- Work to be completed
With the pictures left out, copy the listing below exactly.

** Dataset section follows **

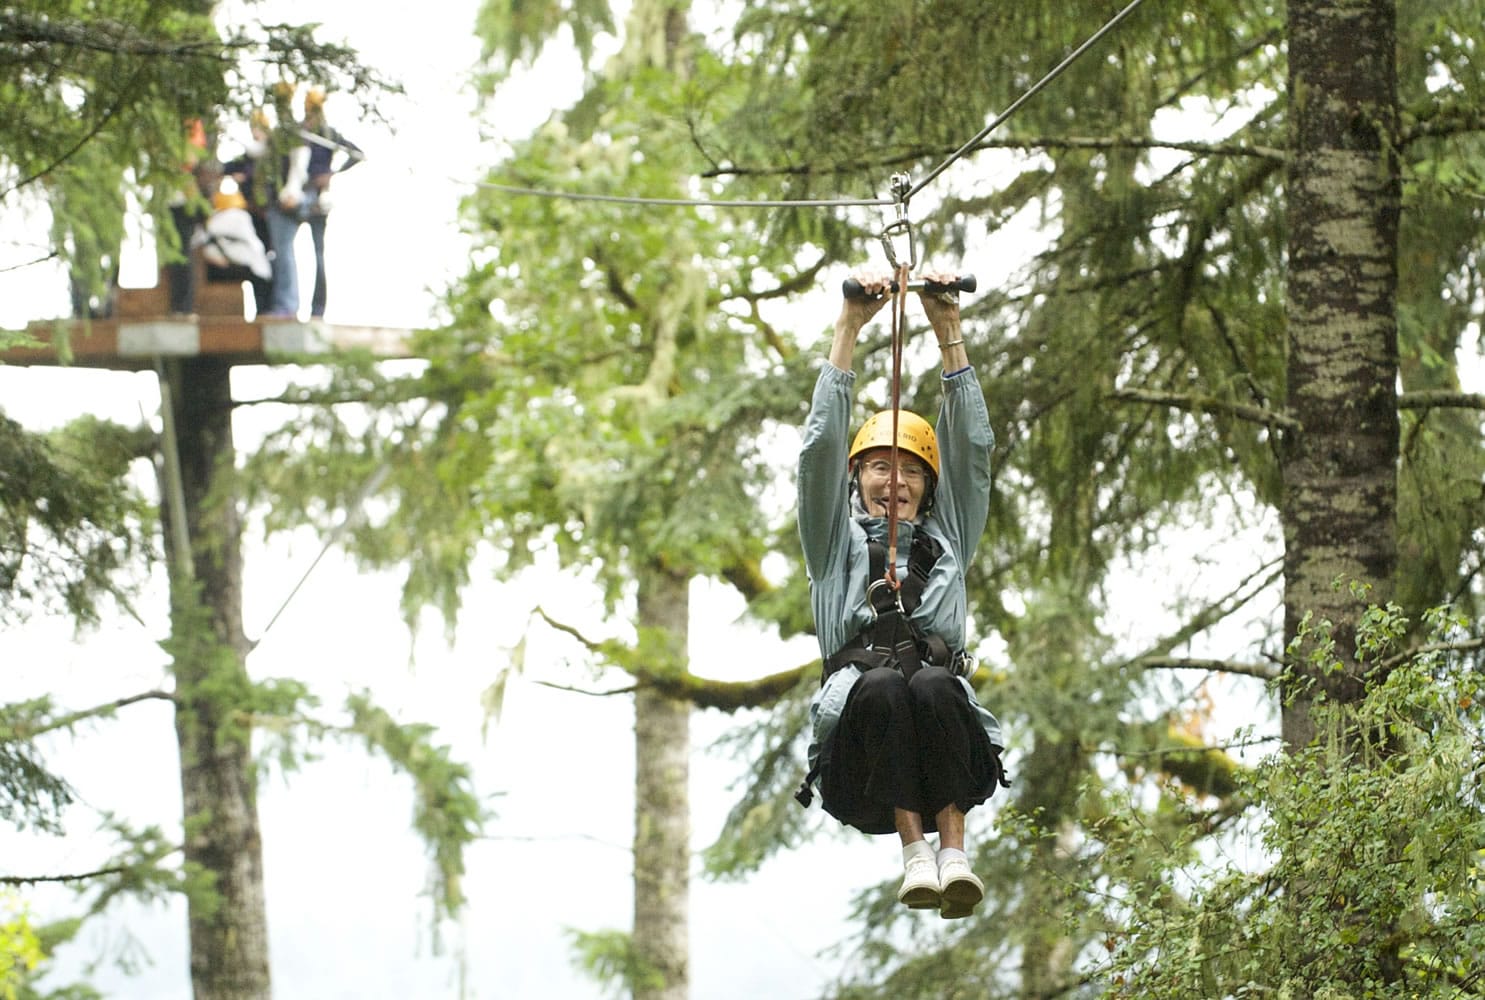 Photos by Steven Lane/The Columbian
Levina Strain, 95, rides a zip line at Tree to Tree Aerial Adventure Park in Gaston, Ore., in late September. But Strain said her real bucket-list wish is to visit her childhood home again.
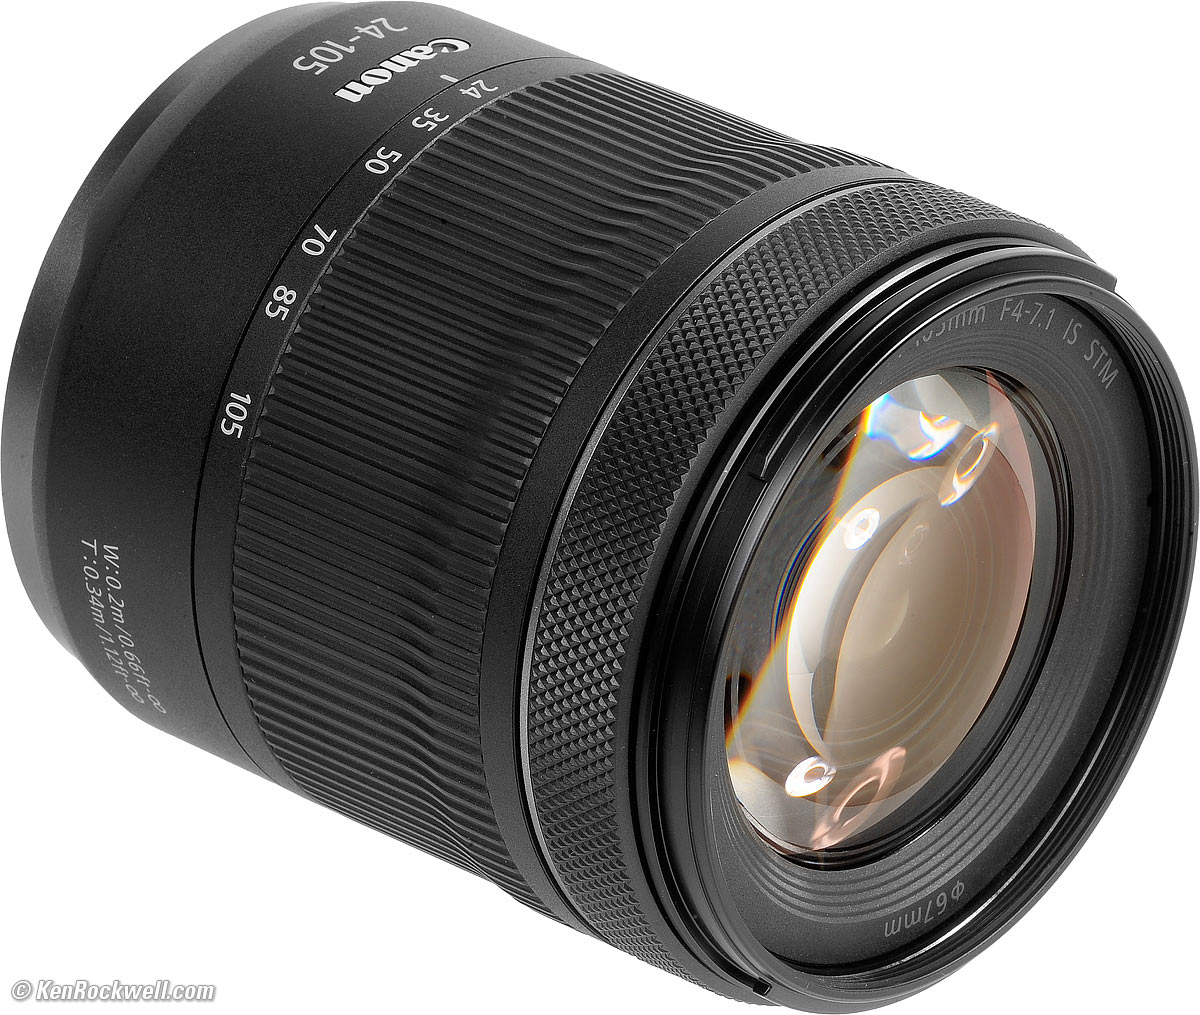 Canon RF 24-105mm STM Review

** End of Dataset section **

- Your solution
 Photos by Steven Lane/The Columbian
Levina Strain, 95, rides a zip line at Tree to Tree Aerial Adventure Park in Gaston, Ore., in late September. But Strain said her real bucket-list wish is to visit her childhood home again.
 Canon RF 24-105mm STM Review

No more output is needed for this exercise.